The precautions are as follows: (1) heating the tool in a protective atmosphere furnace, a vacuum electric furnace and a salt bath furnace with sufficient deoxidation to prevent oxidative decarburization; 2 when the quenching tool is cooled to the vicinity of the Ms point of the steel, it is taken out into the tempering cooling medium, It should be classified and quenched in the salt bath hot bath, alkali heat bath, austempering and quenching in the ideal cooling medium; 3 low temperature (≤100 °C) into the furnace tempering, slowly heating up to ≥300 °C, can be heated with the furnace to the required Tempering temperature, high temperature tempering and heat preservation, then air cooling to room temperature, in the process of tempering slow cooling to achieve residual austenite (AR) → martensite (M) phase change, to avoid water cooling, oil cooling, to prevent the emergence of larger two Secondary quenching stress. In short, tempering in time after quenching, to prevent the initiation and expansion of quenching stress; full tempering, to obtain stable structure; multiple high temperature tempering, promote the full transformation of retained austenite (AR) → martensite (M), and eliminate two Sub-quenching stress; long-term and combined tempering, improved fracture toughness and comprehensive mechanical properties can effectively prevent secondary quenching cracks caused by improper tempering.
11 tool corrosion
At present, the quenching heating of the high-speed steel tool heat treatment process in China is generally carried out in a salt bath furnace, and the tempering heating is generally carried out in a salt bath furnace. In addition, pickling must be carried out.

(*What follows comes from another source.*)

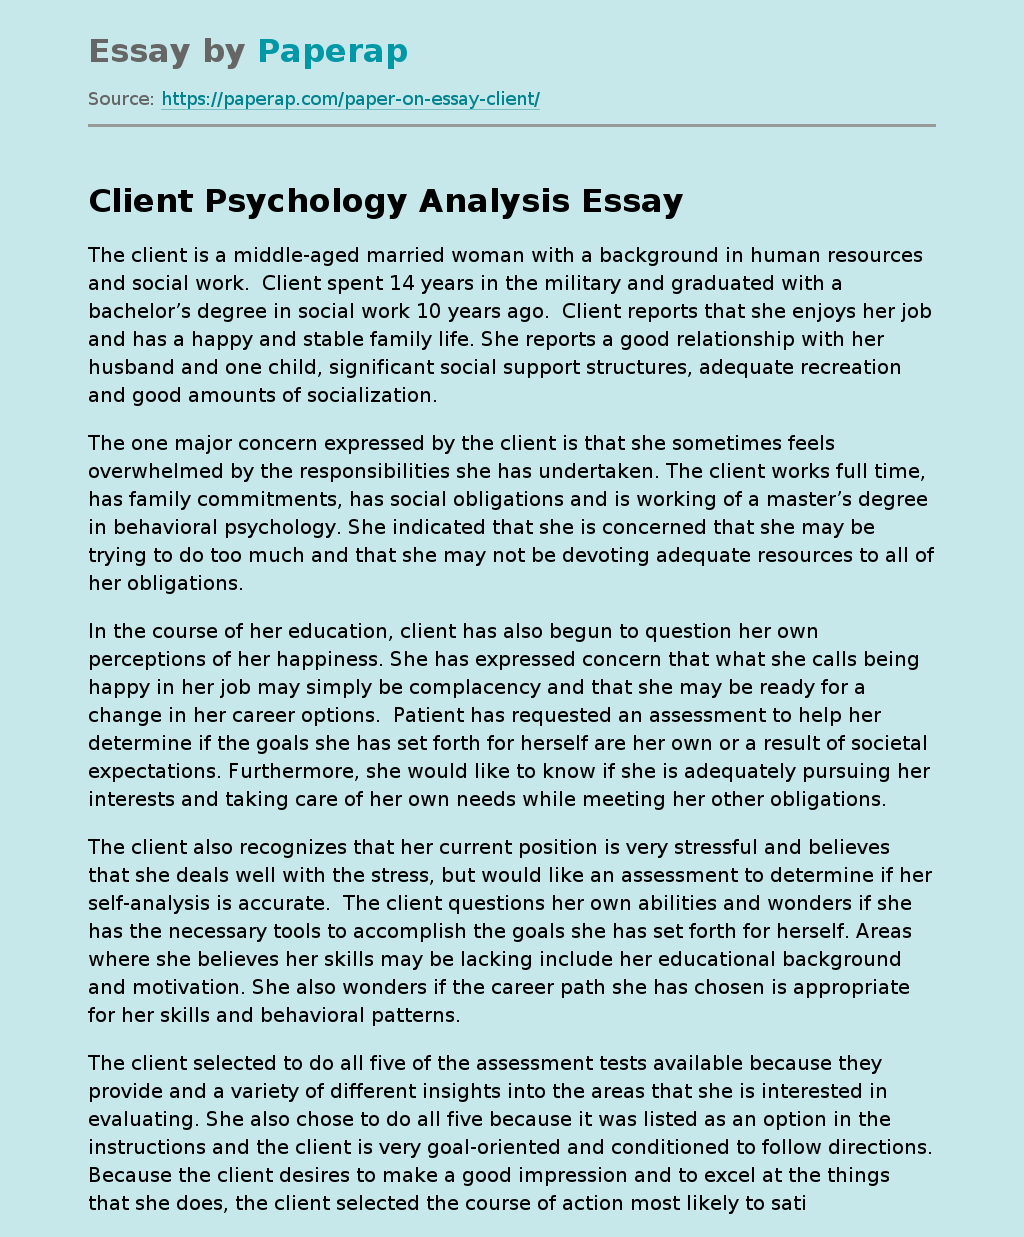 Client Psychology Analysis

When the tool is quenched locally, the contact with the harmful gas such as chlorine gas in the high-temperature salt bath near the salt bath surface is not only prone to oxidative decarburization, but also causes a certain width of strip-like pitting corrosion at the junction between the liquid surface and the air. The precautionary measures are: using high temperature heating salt method, that is, after the whole tool is put into the salt, the local non-quenching heating part is exposed to the liquid surface, so that it is covered with a layer of adhered salt shell, which is isolated from the harmful gas in the air to avoid corrosion. .
When the large-scale whole blade is quenched and heated in a high-temperature salt bath furnace, it is easy to react with harmful substances such as iron oxide (FeO) in the salt bath due to high temperature and long holding time. The precautionary measures are: strict implementation of salt bath heating medium heat treatment technical conditions: purity ≥ 98%, sulfate (BaSO4, Na2SO4, K2SO4) and other impurities content ≤ 0.3%, carbonate (BaCO3, Na2CO3, K2CO3) and other impurities ≤ 0.1 %, water insoluble matter ≤ 0.1%; each work class must be deoxidized and slag on the salt bath, once a week, thoroughly remove the slag impurities in the furnace.
When the tool is pickled, the acid is excessively reacted or the residual acid is not washed, so that the chemical reaction between nitric acid and the nitrate salt causes electrochemical corrosion. The precautionary measures are: after pickling the tool, rinse it twice with running water, thoroughly neutralize it, and blast it in time, and park it in the air for no more than 8 hours, and take the oil seal to prevent acid corrosion.